Virginia Madsen as Sara Campbell
Kyle Gallner as Matt Campbell
Elias Koteas as Reverend Popescu
Amanda Crew as Wendy
Martin Donovan as Peter Campbell
Sophi Knight as Mary Campbell
Ty Wood as Billy Campbell
Erik J. Berg as Jonah
John Bluethner as Ramsey Aickman
D.W. Brown as Dr. Brooks
There are some things that just won’t stay dead. Despite all logic and reason, they rest dormant, only to spring at us when we least expect it. Case in point, “The Haunting in Connecticut,” rising from the grave of Lionsgate’s shelf where by all rights it really should have stayed.
Allegedly based on events in the lives of Al and Carmen Snedeker, “The Haunting in Connecticut” follows their fictionalized counterparts, Sara (Virginia Madsen) and Peter (Martin Donovan), who begin renting a house in Connecticut in order to be near the hospital where their eldest son, Matt (Kyle Gallner), is undergoing experimental cancer treatment. It soon becomes obvious something else is living in the house with them.
There’s been some hand wringing and recriminations about just how true a story “The Haunting in Connecticut” is, but really it doesn’t matter. Everything in the film could be 100% factually accurate and it would only mean that the Snedekers are possibly the most boring people on Earth. The Campbells certainly are.
Director Peter Cornwell has made as cookie cutter a horror film as you’re likely to find. Lots of music video jump cuts and lens effects, lots of jump scares, shadows in the corners of the frame. And not a single original or scary notion in the lot.
The idea seems to have been to focus not as much on the ghost as on the family and how the strange goings on in the house effect them and strain the bonds of family. Which isn’t a bad idea, but it’s sabotaged by the flatness of the characters and Cornwell’s indecision about where to put his focus.
The only one close to well rounded is Kyle who, facing the very real possibility of his own imminent death, doesn’t find ghosts as off-putting as the rest of us might. He mostly ends up being just passive, a conduit for the spirit of a dead medium (Erik J. Berg) and a couple of ham-handed screenwriters to send their exposition through.

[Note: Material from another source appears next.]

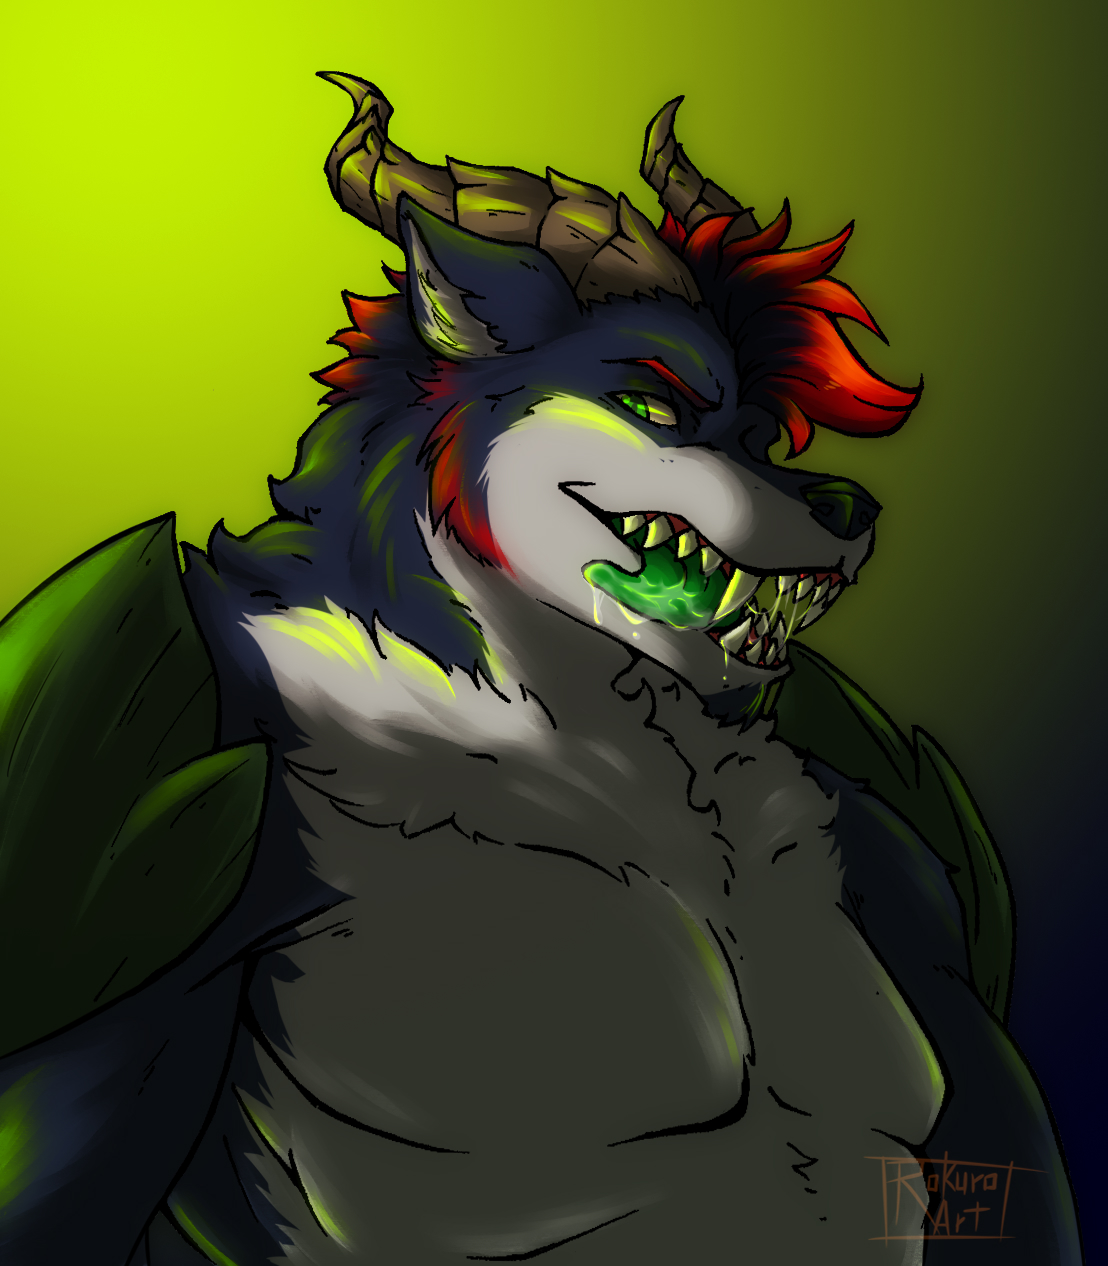 dragon wolf hybrid

It really does seem to want to engage the viewers on an emotional level, but it can’t seem to get around its need to have everyone talk in exposition and not much else. Elias Koteas’ character pops up at just the right moment to lend his expertise of which he has plenty apparently just because he’s a Reverend. Apparently ghost hunting is one of the courses taught at divinity school.
It’s not bad, just very, very flat, and without a single original bone in its body. There’s only one compelling moment in the film and Lionsgate seems aware of it as they’ve put it in every trailer and on every poster. It’s like hearing a song on the radio you really like, only to discover later that it’s the only song on the album that sounds like that. You just feel had. Lionsgate should have done us all a favor and left this one buried.